After the scorpion-beetles let us have a quick look at the lantern-beetles, that is those which emanate light, e.g. glowworms (Lampyridae) and some click beetles (Elateridae). Oxygen, an enzyme called luciferase, and a compound called luciferin are involved in a complex chemical reaction to produce light, and adenosine triphosphate (ATP) provides energy for the reaction. The colour of the light produced may vary from red, yellow, blue, green to violet. The light thus produced is sometimes referred to as cold light, because of minimum heat production in the process. Fireflies convert 98% of the energy produced into light. Man is far away from achieving this result. With his bulbs and neon lights he transforms a much smaller percentage of energy into light, and the rest is lost as heat. Members of four or five beetle families are light producing. In Phengodes (Phengodidae), the photophores or light emanating organs of the anterior part of the body give out red light and the abdominal organs produce green. Bioluminescence is best known among fireflies, which are toxic, and that their luminosity has a warning (aposematic) function is a possible explanation (Lloyd and Gentry, in Resh and Carde, 2003). Light in fireflies like Photinus spp. is also a mating signal for the males. The code varies according to the species. Some predacious firefly females of the genus Photuris mimic the flash response of other species, attract males of those species and eat them. There is also a case of luminosity under water: the larvae of the firefly, Luciola, in India, Japan and Indonesia; they emit a blue light. In the Indo-Australian region, the males of Pteroptyx, which is a lampyrid, on trees, emit synchronized signals each half second. The exact meaning of this firework and the mechanism of this synchronisation have not been understood. Maybe it is for giving equal mating chance to all the females involved.

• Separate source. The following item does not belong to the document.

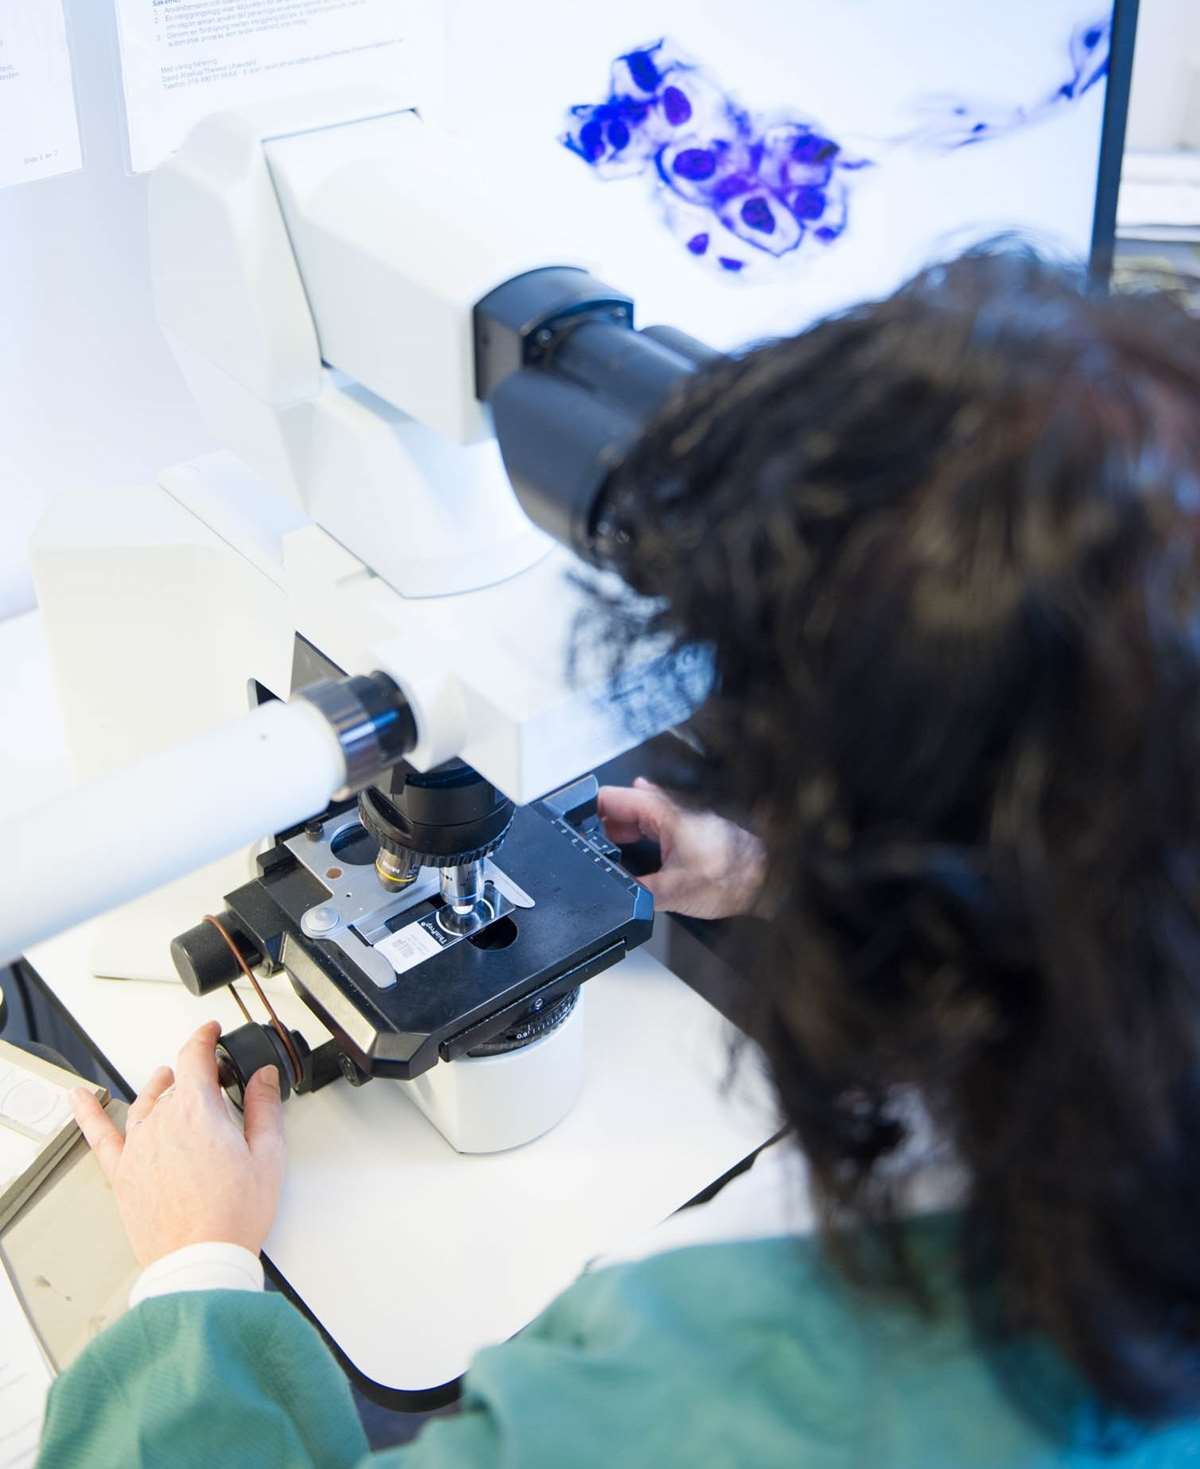 Mikroskopering av celleprøver

In fields of Central America, bright bi-coloured elaterids (Pyrophorus) fly very fast between the trees. The twin spots on their thorax produce a glow of such an intensity that there appears a long, golden red path of light during the flight (Klausnitzer, 1981). One of us (PJ) failed very often to capture them with a net in Nicaragua and Panama. It has luminous organs at the posterior angles of the pronotum and at the base of the abdomen.

These organs emit simultaneously red and yellow-green light. The Pyrophorus larvae are also luminescent and feed on scarab larvae. So strong is their luminescence that Humboldt is said to make with them a reading lamp. Missionaries during colonial times, as we are told, read their breviary with the help of the elaterids inside a glass bottle. Some Staphylinidae and Phengodidae are also luminous, even spiders in Burma. Many insects show light signals, often to capture preys in their webs, like Arachnocampa luminosa (Diptera, Family Mycetophilidae) in New Zealand caves and several Collembola. The ceiling of the caves in Waitomo, near Aukland, with millions of glowworms and their prey capturing threads, looks like a star-studded night sky. Several other Mycetophilidae are luminous in Australia and America. Light production, among beetles, which is not polarized and produces chlorophyllian assimilation, serves several functions: sex attraction, lighting of the soil when the insects land, trapping other insects, and warning about toxicity. However, there are some disadvantages too, like an easy location by predators such as bats.

It is difficult to explain why some longhorn beetles (Cerambycidae), having no close relationships with lampyrids, mimick the fireflies. They copy their external appearance and possess under the belly several segments clothed with whitish pubescence, in pure imitation of the luminous organ of the Lampyridae. Of course they are not real photophores; the resemblance is only in colouration, appearance and location of the hairy areas. These beetles have been given suggestive names, Alampyris. Alampyrisphotinoides, A. planipennis, A. mimetica are typical members of the genus. Early in the last century Bates mentioned their similarity with fireflies. Some Alampyris (A. nigra,, etc.), however do not show the pseudo-luminous spots. Alampyris is a Lamiinae. Many species of Alampyris are known from Mexico, Guatemala, Brasil, etc. Some species of Alampyris, like A. planipennis, have two yellow-green spots under the abdomen (segments 3-4), made of scales. It possible that they shine in ultra-violet radiation and be perceived radiating by potential predators.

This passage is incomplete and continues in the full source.